This beautifully written story provides us with an alternate version of the hours immediately following Spock’s fal-tor-pan, in which the Vulcans—and in particular a healer named Sirard—make Kirk an integral part of Spock’s rehabilitation. The story is told from Spock’s point of view, a great choice, since it allows us to experience his confusion firsthand, and lends a poignancy to his situation that would not otherwise be possible. The characterization of the Vulcan healer is impressive: Sirard is neither the stereotypical, ice-cold Vulcan nor an overly emotional, humanized Vulcan. He is dignified and restrained, yet compassionate, and, well, logical enough to recognize that Kirk’s continuing presence and support will be of paramount importance in Spock’s recovery. Like Sirard, the author is compassionate, but restrained--there is no sex scene in “Dawn,” and rightfully so, for it is clear that Spock is still in a terribly vulnerable state and that he must find himself again before he can engage in sex as a fully consenting and independent being. But there is plenty of eroticism of the heartwarming variety here, for on every page, Kirk’s love for and commitment to Spock are plain as day. 
'Dawn' is a gem, a post-fal-tor-pan story told in a laser-focused, almost-claustrophic POV. We see everything through Spock‘s distorted perceptions as he reawakens to life after the refusion ceremony in Star Trek III. He‘s disoriented, bewildered, and frightened of the darkness which still holds him in its grasp; he is tentative in his movement toward life, toward Kirk. We understand what‘s happening by hearing what Spock hears, whether it‘s the voices of his Healers, the voice of Sarek, or the voice of Kirk. We see everything that he sees. But we understand far more than Spock himself is capable of understanding. 
This is a superb piece of writing, penned by one of the premier authors in K/S. It follows the first few hours after Spock regains consciousness following the fal-tor- pan. It's written in first person and, as such, gives a fascinating insight into how Spock experiences rejoining this bewildering world of existence in corporeal form.

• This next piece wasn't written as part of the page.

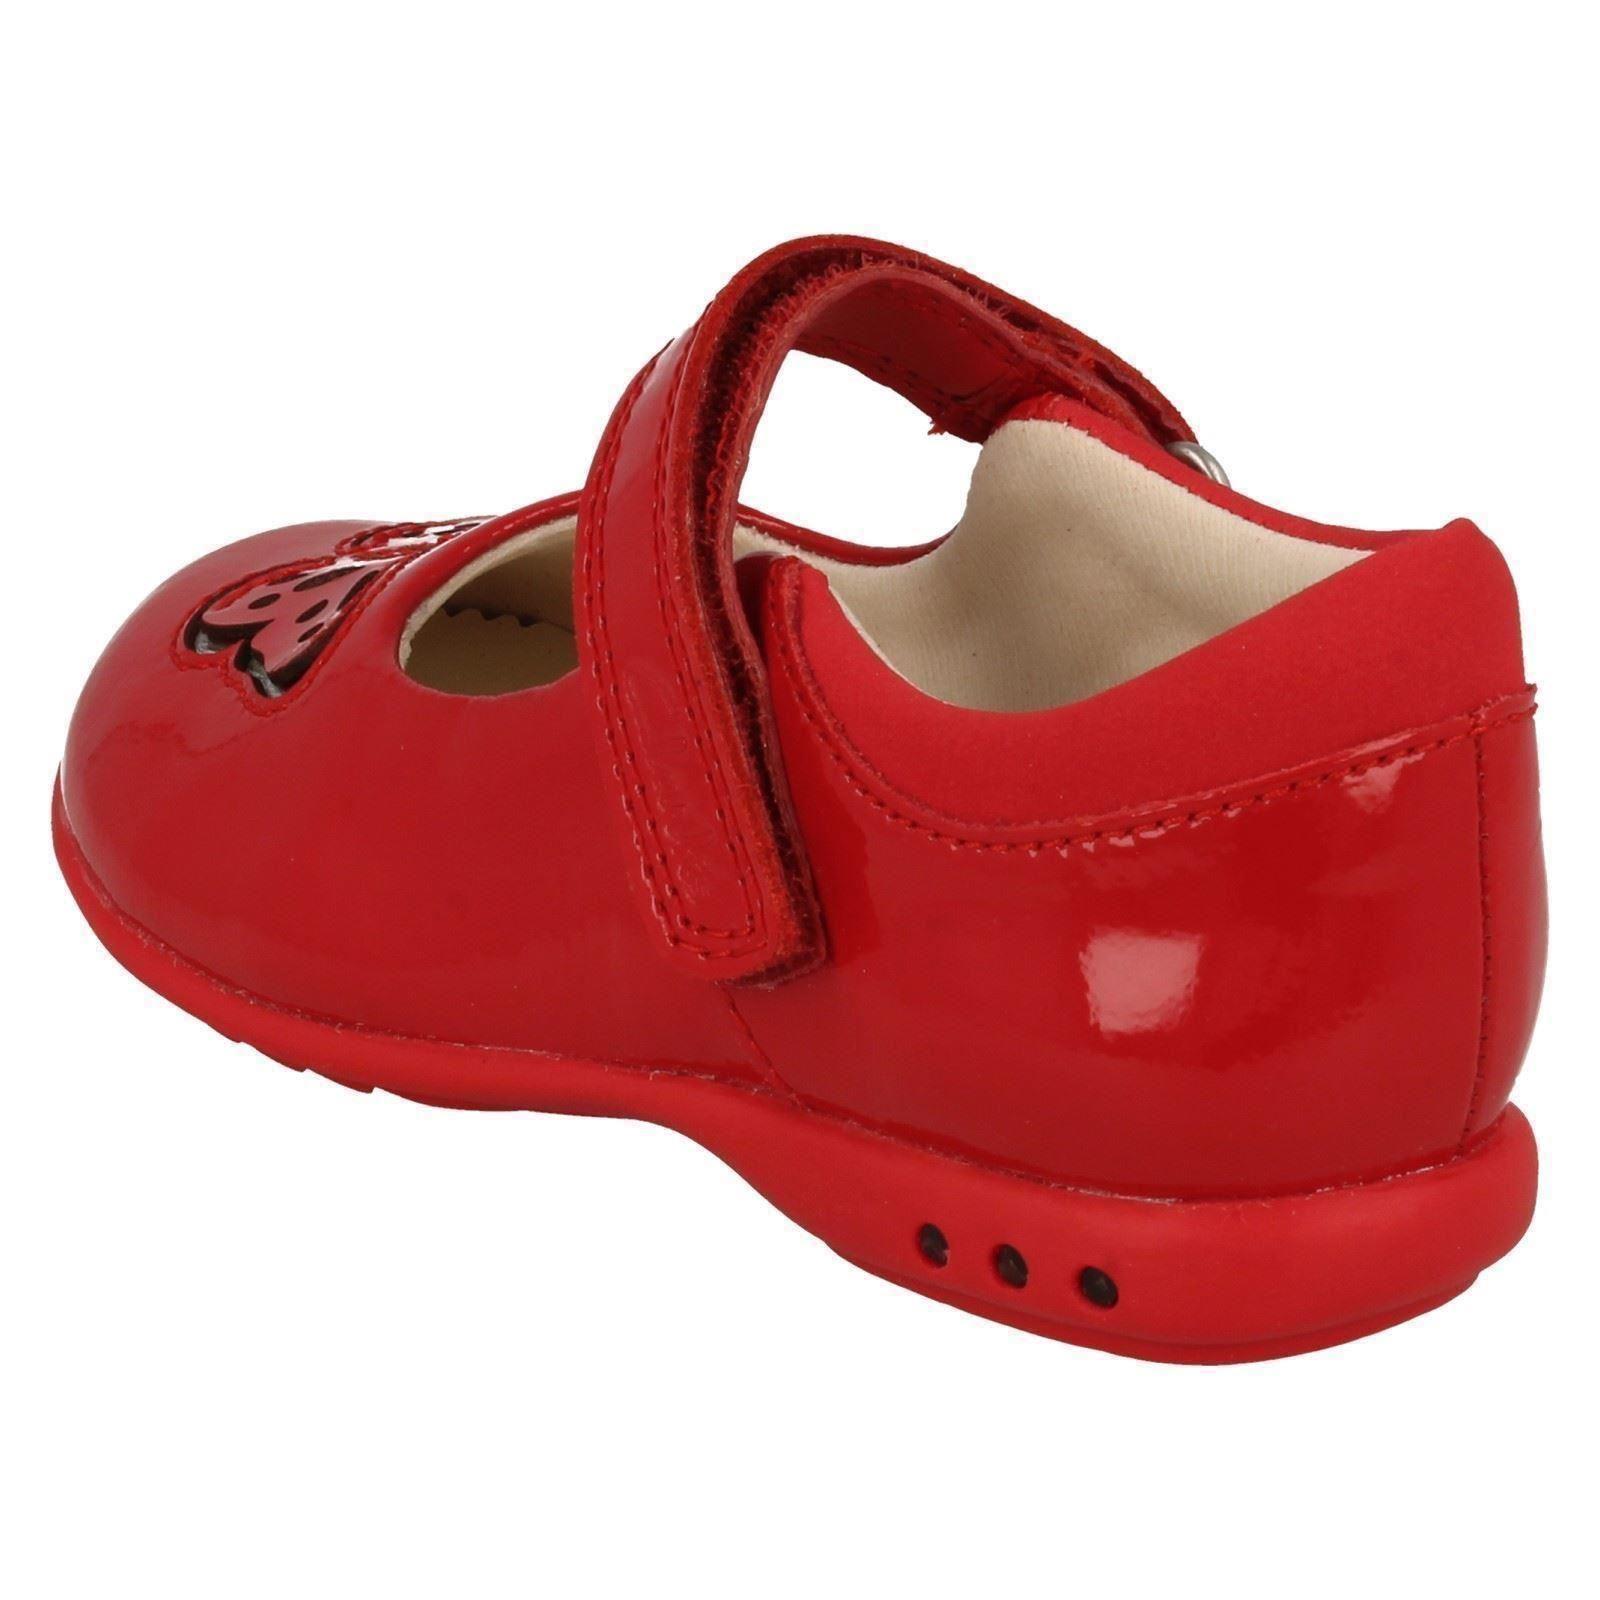 Chicas Clarks Inteligente Hook & Loop Zapatos con luces Trixi deseo
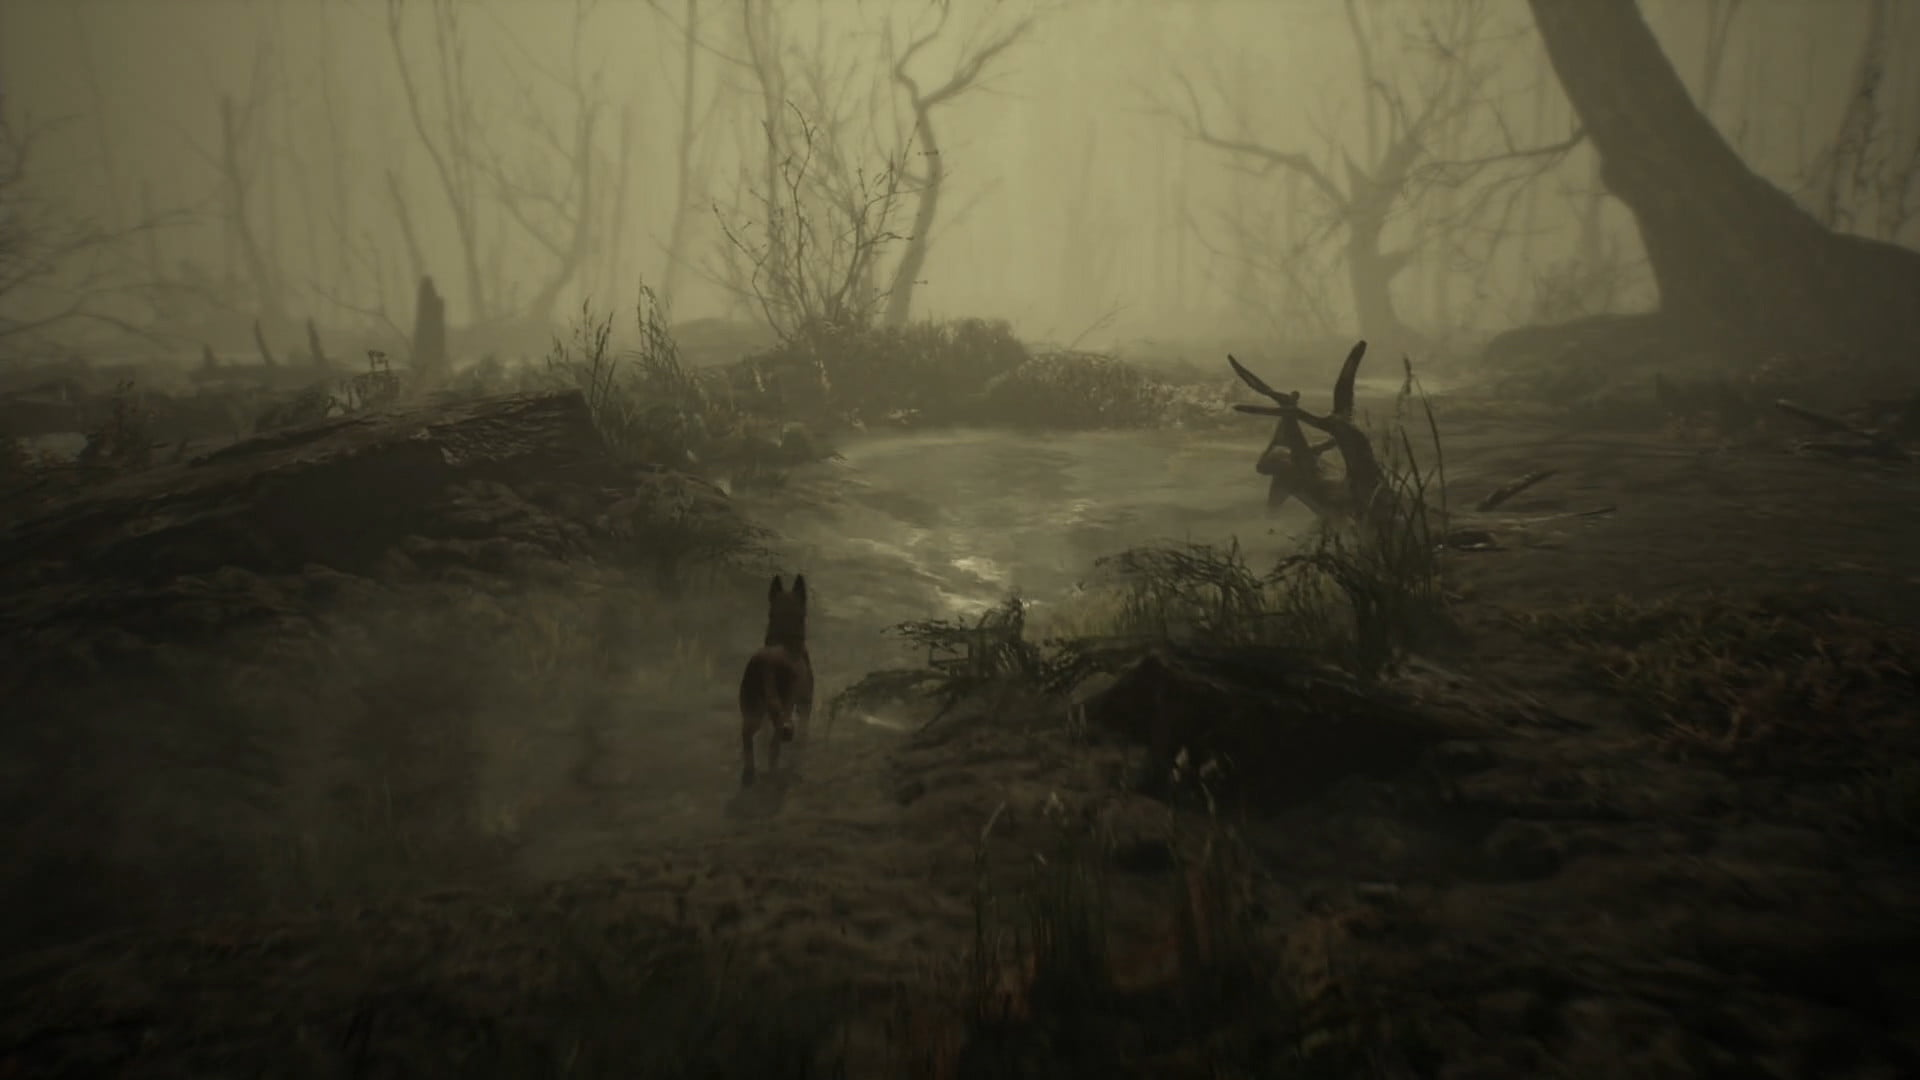 Risultati immagini per blair witch game

We see, from Spock's limited perspective, Jim gently help ease his difficult and troublesome journey as his mind learns to reintegrate with both his body and conscious awareness. What comes across in so many subtle ways is the incredible love Jim has for Spock, shown through looks, touches and the gentle and encouraging words of memories and, in turn, Spock's utter trust in Jim, his body responding to each touch by calming and centering, even when his mind doesn't understand why this being is able to bring him this much-needed inner- peace. Jenna gives us an indication of the place Spock has left behind - no mean feat - and through Spock's emotions and limited recall, helps us understand his fear of it, and of returning to it so that we, the reader, shares in his anxiety and stress.This is a beautiful and thought-provoking story that gives us a unique view of the deep, abiding connection - not even sundered by death - that Jim and Spock share. It's an absolute must-read. 
This was a very unusual and well written piece depicting Spock’s reactions and thoughts after the fal tor pan from the very first moment of his reawakening after the refusion ceremony as he gradually regains his memories and personality. His initial confusion is very well described as is Kirk’s reactions and desire to help him recover no matter how long it takes. When one of the Vulcan healers asks him to share a room (and a bed) with Spock to reassure him and help him regain his memory, Kirk quickly agrees. I also found it particularly pleasing that in this particular story, the author makes it clear that, contrary to what is seen in the film, Spock was not unaffected physically by what had happened to him, and that he needs time to recover from his ordeal both mentally and physically, with a lot of help and support from Kirk and the healers.